[英]SSL Error: Unable to verify the first certificate (Nginx -> Spring Boot)
I have a Ubuntu VM and I am attempting to setup an SSL cert from PositiveSSL (looks like they use Comodo) for my domain.我有一个 Ubuntu VM,我正在尝试为我的域设置来自 PositiveSSL 的 SSL 证书(看起来他们使用 Comodo)。
I originally generated mywebsite.csr and mywebsite.key then used a CNAME record on namecheap to verify my SSL cert.我最初生成了 mywebsite.csr 和 mywebsite.key,然后使用 namecheap 上的 CNAME 记录来验证我的 SSL 证书。 Once verified they emailed me mywebsite_com.crt and mywebsite_com.ca-bundle.验证后,他们通过电子邮件发送给我 mywebsite_com.crt 和 mywebsite_com.ca-bundle。
I used their instructions at: https://www.namecheap.com/support/knowledgebase/article.aspx/9617/69/how-to-convert-certificates-into-different-formats-using-openssl/ to convert it to.p12 format.我在以下位置使用了他们的说明: https://www.namecheap.com/support/knowledgebase/article.aspx/9617/69/how-to-convert-certificates-into-different-formats-using-openssl/将其转换为.p12 格式。
My application.properties looks like:我的 application.properties 看起来像:
# The format used for the keystore.
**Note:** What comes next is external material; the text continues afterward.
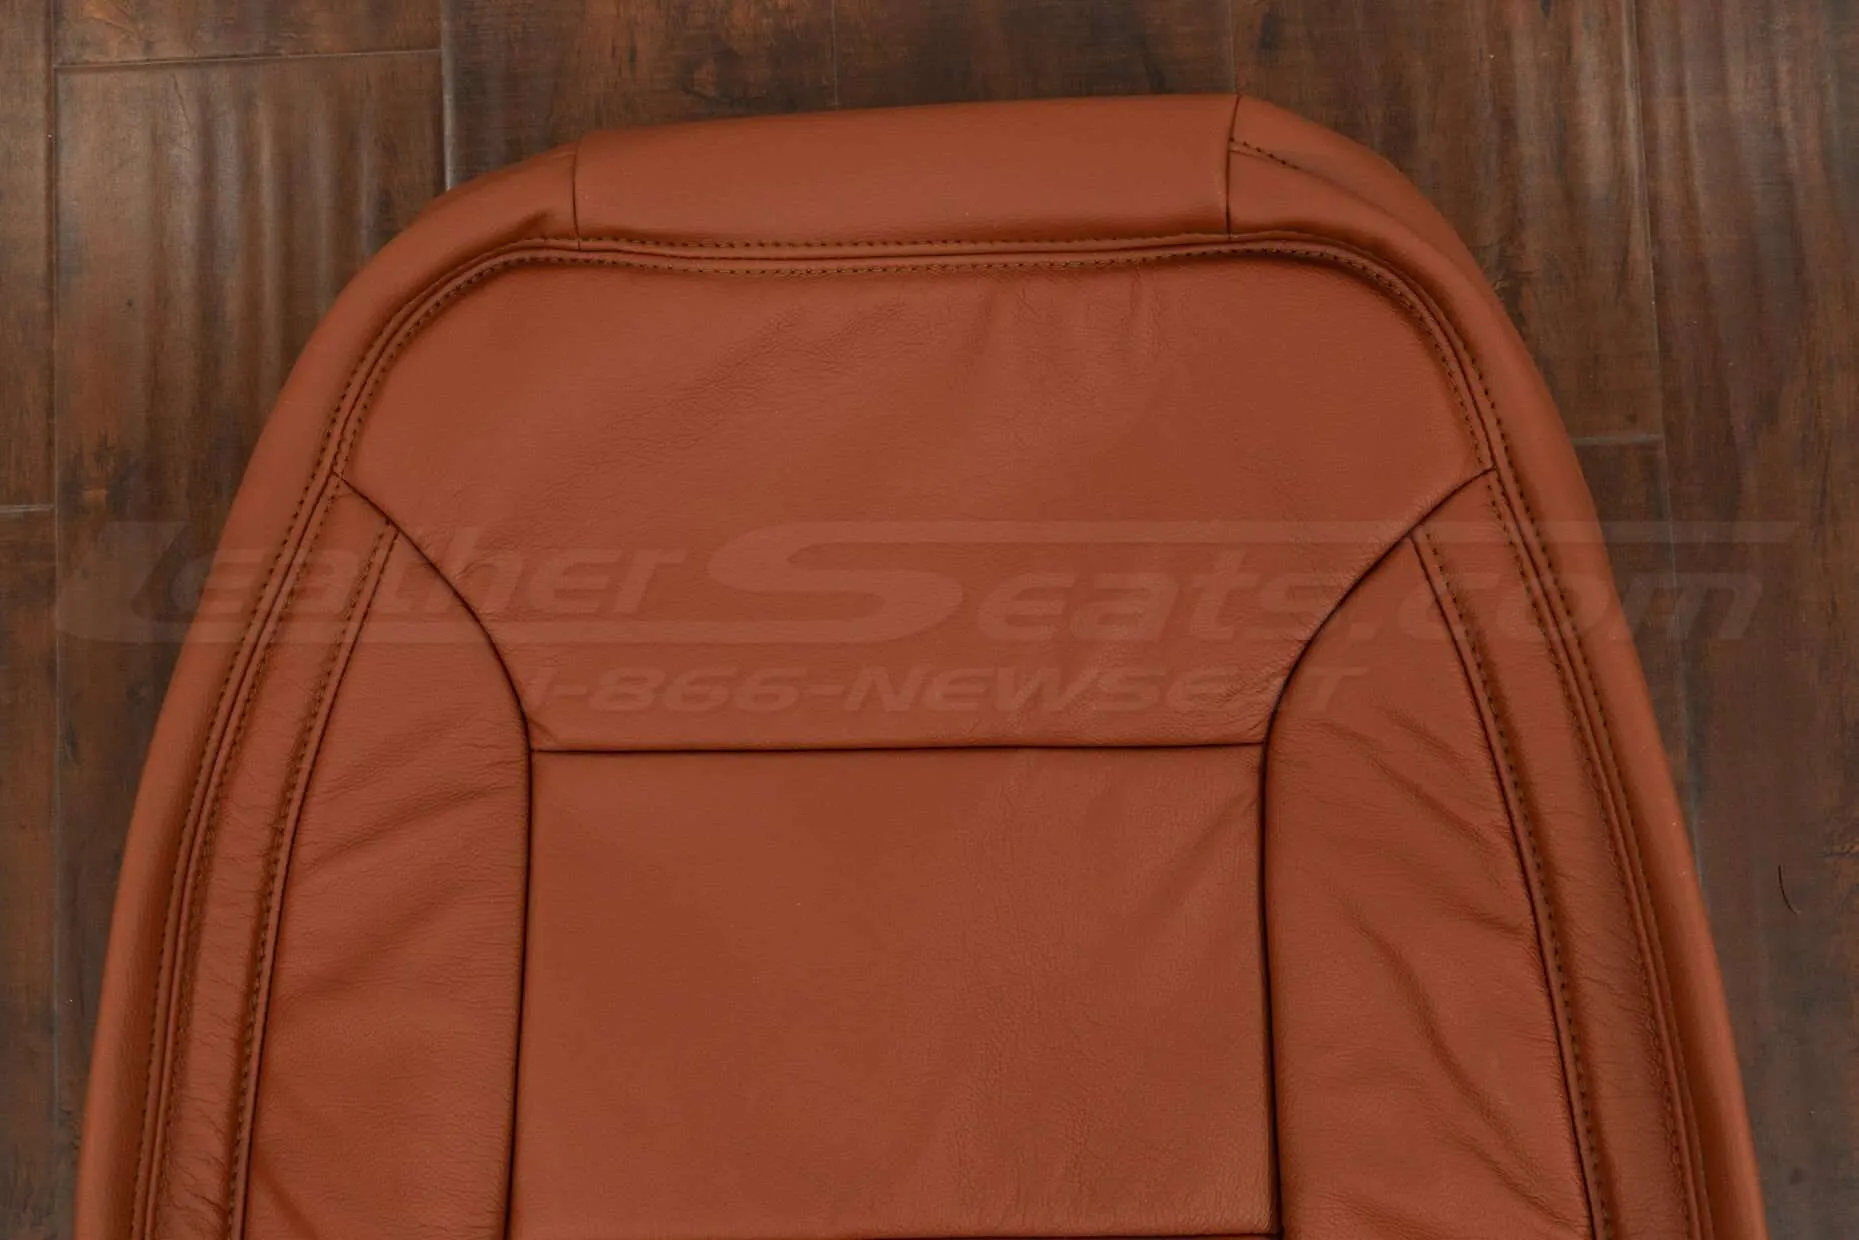 Upper section of backrest upholstery

It could be set to JKS in case it is a JKS file
server.ssl.key-store-type=PKCS12
# The path to the keystore containing the certificate
server.ssl.key-store=classpath:keystore/mycertificate.p12
# The password used to generate the certificate
server.ssl.key-store-password=redacted
# The alias mapped to the certificate
#server.ssl.key-alias=1
#server.ssl.key-password=redacted
server.ssl.enabled=true
I've tried multiple solutions with setting up a trust store alias, but for now this is my config.我已经尝试了多种解决方案来设置信任存储别名,但现在这是我的配置。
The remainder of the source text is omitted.